At least the Government seems to have seen off some proposals which have been around for decades. The fear was that developers would think that if they blew a little green dust over their long-cherished schemes they would seduce the government. Not that the publication of the short-list will produce joyful processions of grateful residents waving trowels and ready to lay votive offerings before the new wind turbine gods which will soon be installed in their neighbourhood. Put another way there will be pitched battles with local residents over most of these proposals.
About a third of these schemes will fall by the wayside: the remainder will have to submit planning applications (to the Government’s new fast-track infrastructure planning authority?) with the first construction getting under way around 2010. The Government’s am is to address two major issues: shortage of affordable housing (the 3m new homes by 2020 looks increasingly aspirational) and climate change.

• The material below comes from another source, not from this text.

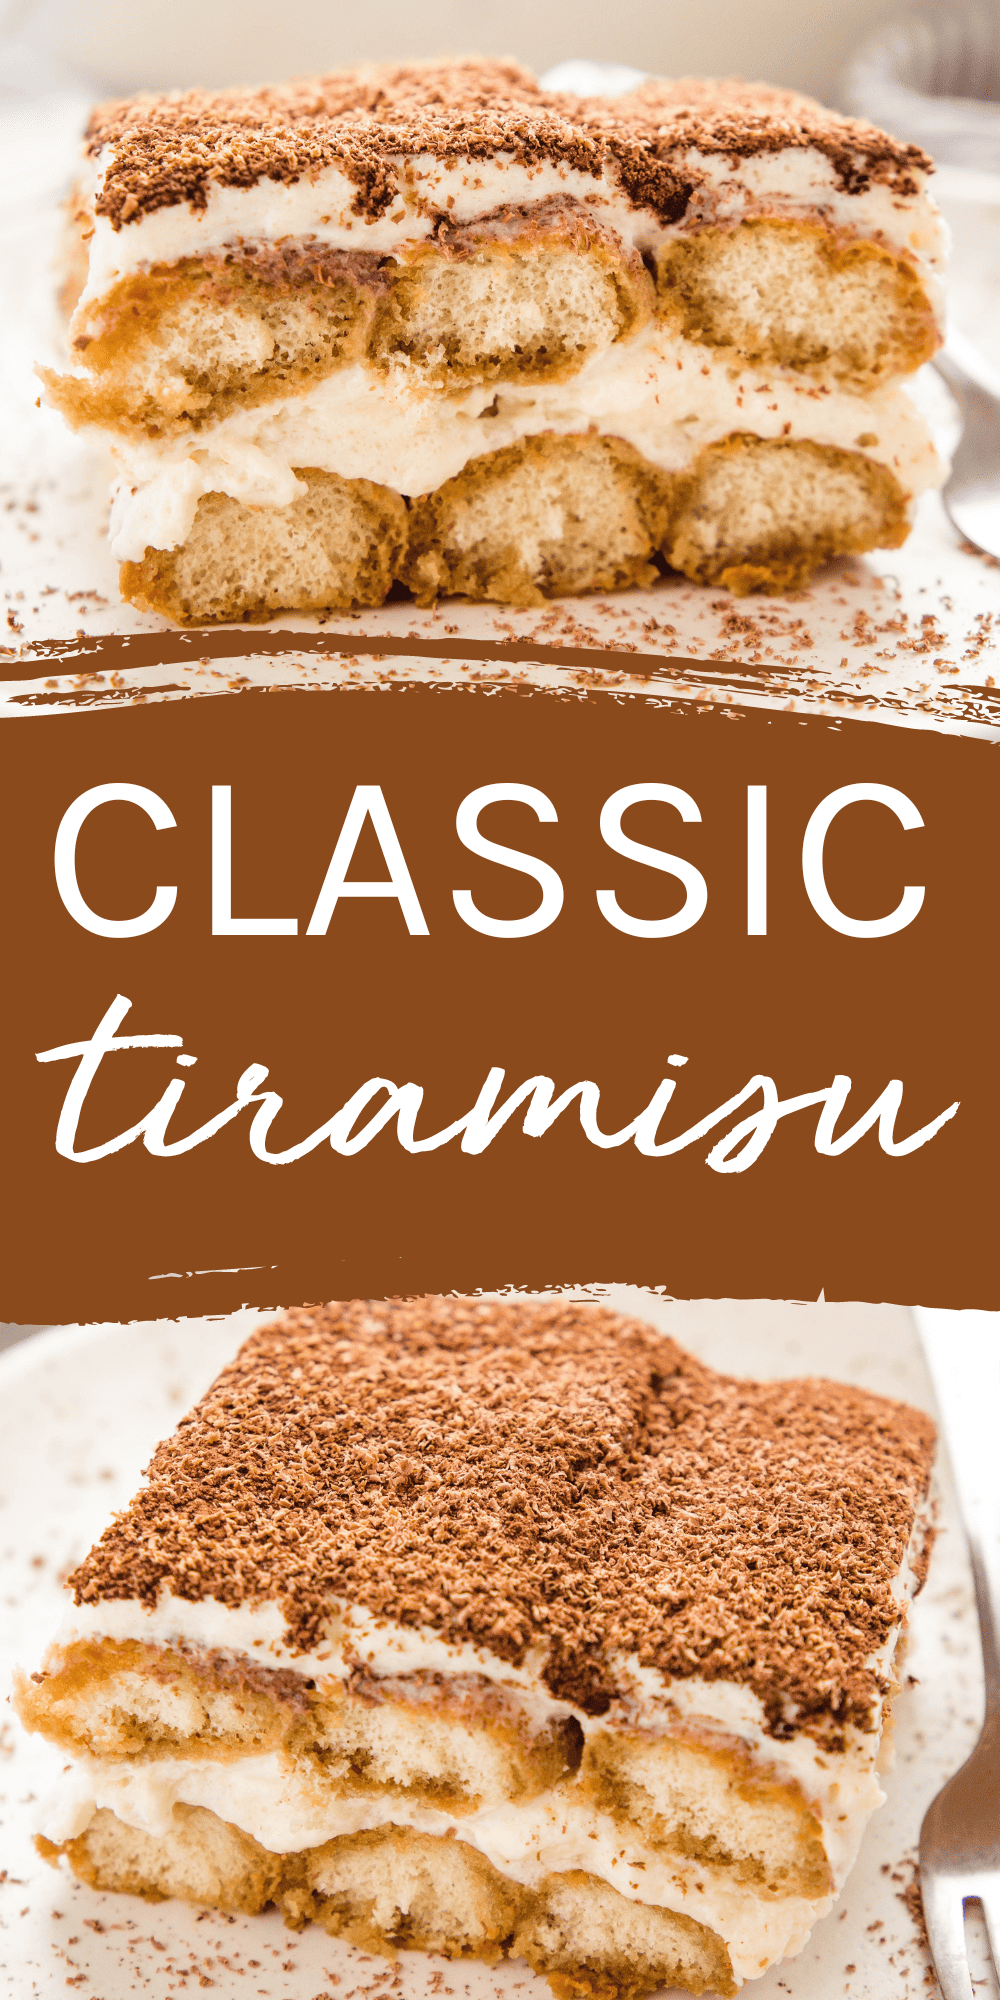 This Tiramisu recipe is a classic Italian dessert that's simple to make with coffee-soaked ladyfingers and a rich-tasting, light and fluffy mascarpone cream. An easy-to-make traditional dessert everyone will love! Recipe from thebusybaker.ca! #tiramisu #tiramisurecipe #italiantiramisu #easytiramisu #traditionaltiramisu #easydessert #dessertrecipe #nobakedessert via @busybakerblog
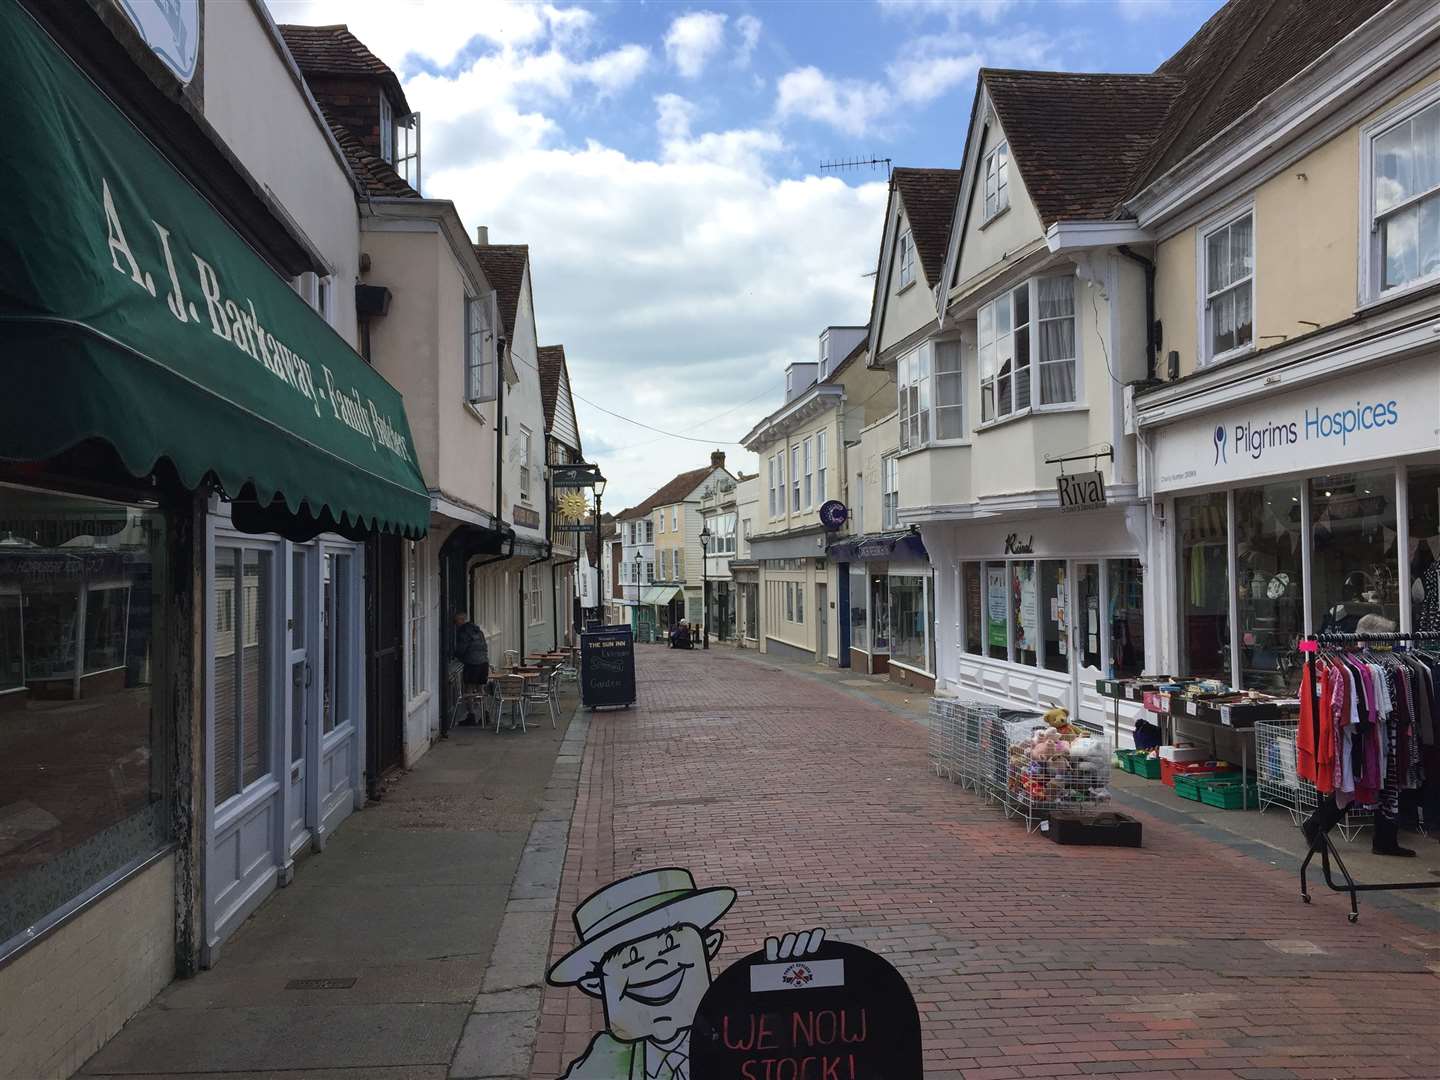 West Street in Faversham is occupied by a number of independent traders

It promises a “new way of living” – something I am instinctively wary of- for the 200,000 or so eco-pioneers who will inhabit the 10 new towns.
I cannot summon the gushing enthusiasm of the Town and Country Planning Association- a veteran believer in the lever-pulling power of Whitehall. The eco-town project is bold because of the re-espousal of the new town concept. But eco-towns will not save the planet: to do that we have to address the existing stock of houses- something the Commons Select Committee has reminded us of. Its key point is that relatively small incremental change can amount, over a generation, to a revolution. Efficient boilers, loft insulation, double glazing – the hum-drum mechanics of normal living- these are the real life-belts of the next generation.